A while ago I spent a few months in rural Zambia and Zimbabwe; and it was an interesting trip. Most of the people I met were subsistence farmers who competed with the hippos for river bottom land, and who would go to great lengths to get protein in any form. Fish, bush meat, domestic animals -- all were a prized addition to their diet. In the villages, there would often be a flock of chickens around the house, and to my American eye, they looked pretty scrawny.
When you visit a village like this they're at pains to be hospitable, and most every night there was a chicken dinner and many questions about America. The chicken was often the best that they had, and they'd trot it out with the sadza (a mush made of ground corn) and a bit of this or that, and I ended up giving away most of my clothes. Western T-shirts were prized there, as were American $1 bills -- $1 USD being roughly 2 days wages for a 12 hour a day laborer. I appreciated their earnest, heartfelt hospitality. It was really amazing.

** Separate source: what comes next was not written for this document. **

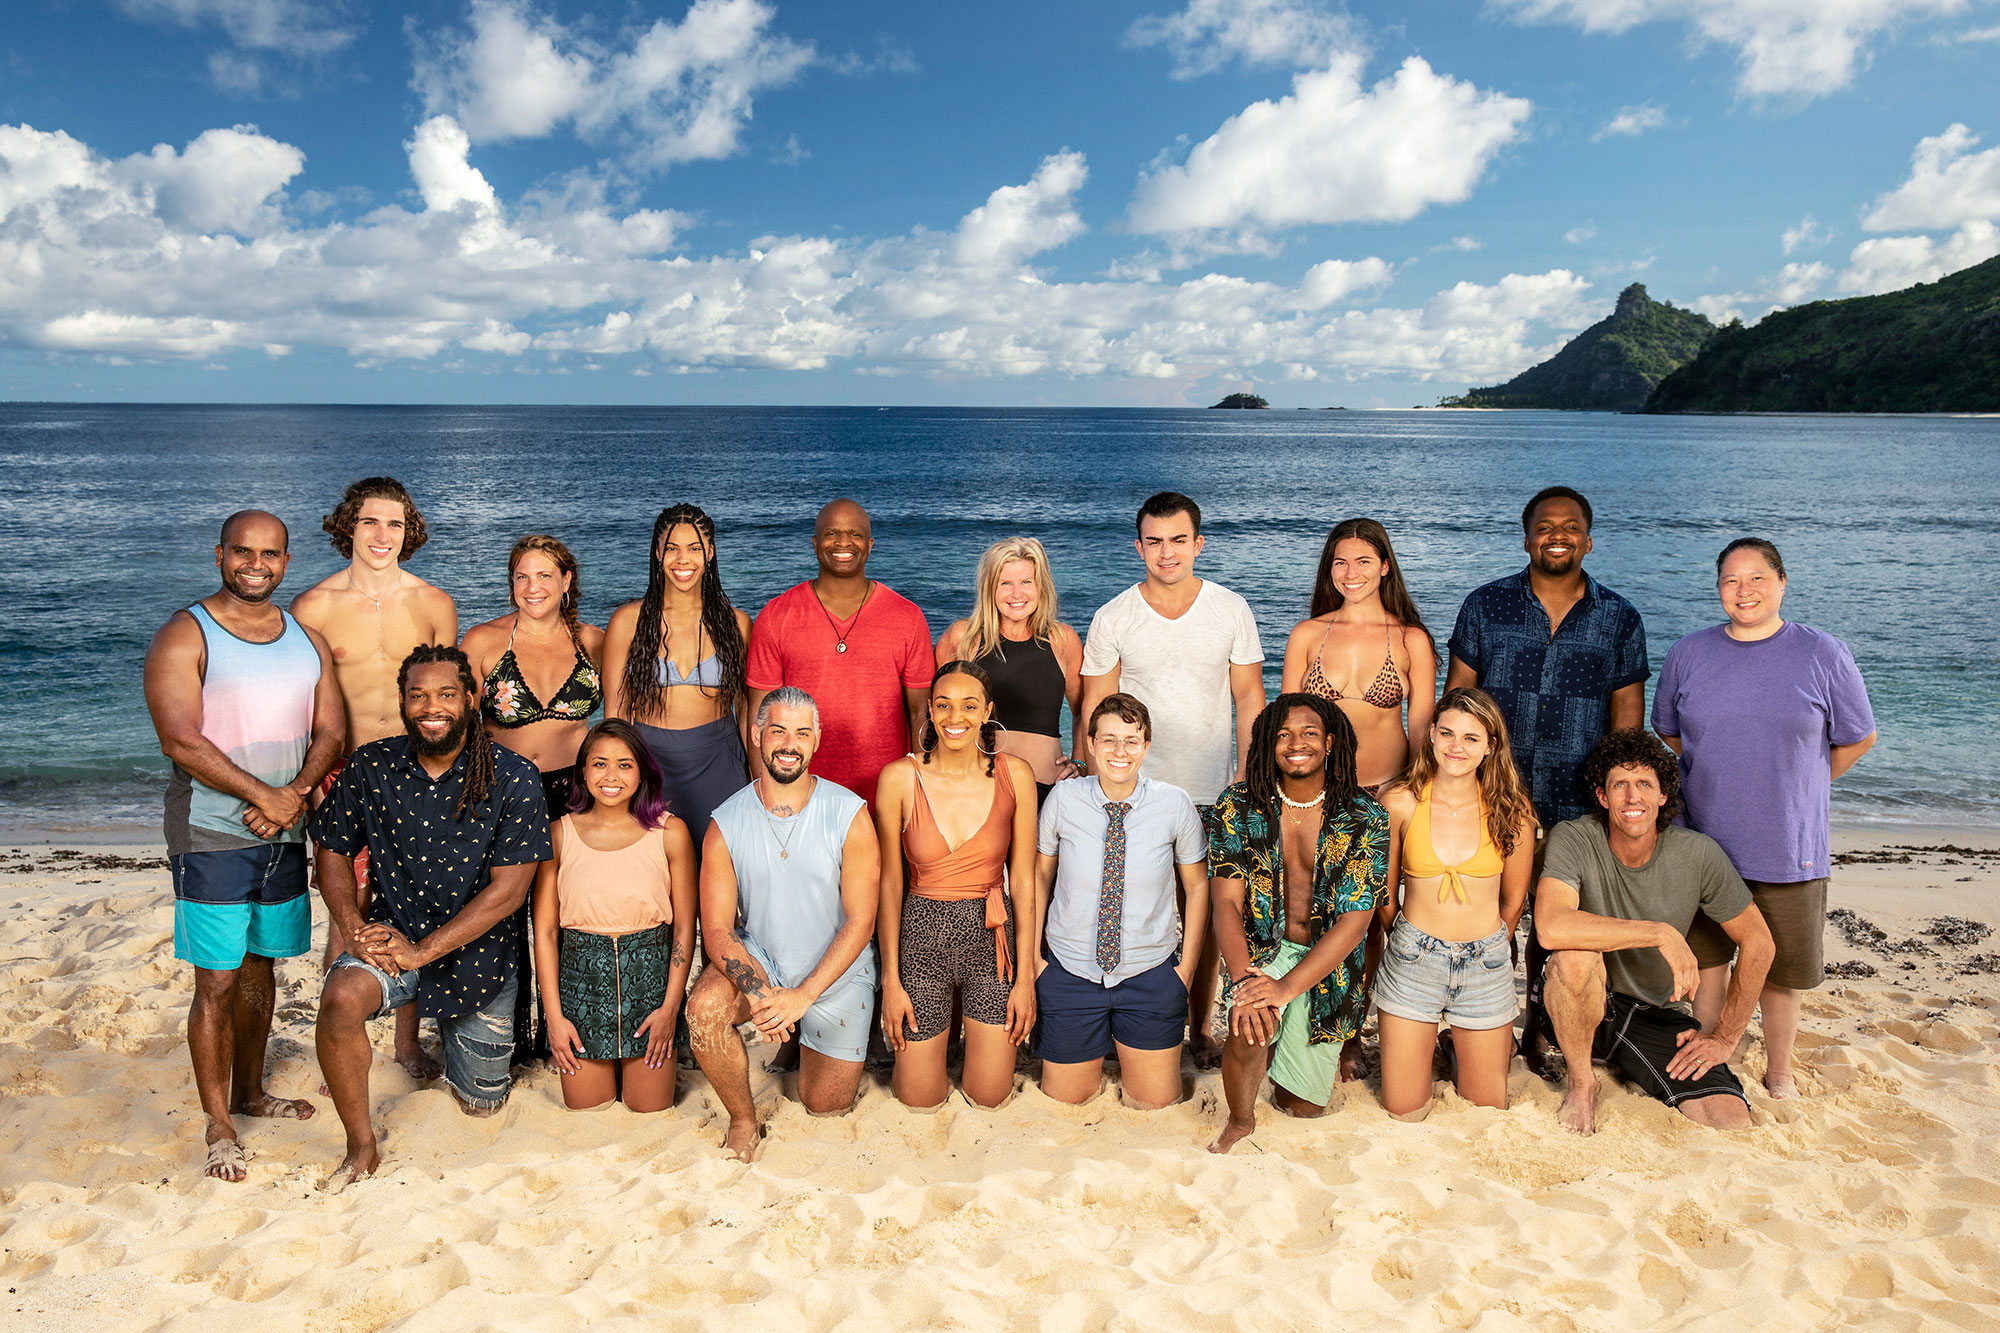 Survivor: These are the contestants of the show that have passed away

The chickens were always owned by someone, and what they represented was a net benefit to the family that owned it. The egg laying was paltry by American standards -- an egg a week, for instance -- but whatever eggs the chickens produced they did so on food that was inedible by the villagers, and the chicken meat was also made from foraged foods inedible to humans.
Contrast that to our treatment of poultry; we measure our hens efficiency in pounds of feed per dozen eggs; a good hen will produce 280 eggs a year, and we've got it down to a science.
My feeding wilted produce to my pigs is my way of making the pork less of a luxury; using food that would otherwise be wasted and making something good out of it. My African pigs.
1 comment:
"My feeding wilted produce to my pigs is my way of making the pork less of a luxury; using food that would otherwise be wasted and making something good out of it. My African pigs. "
Excellent point. I liked this post, it is amazing how things that are cheap here are not elsewhere.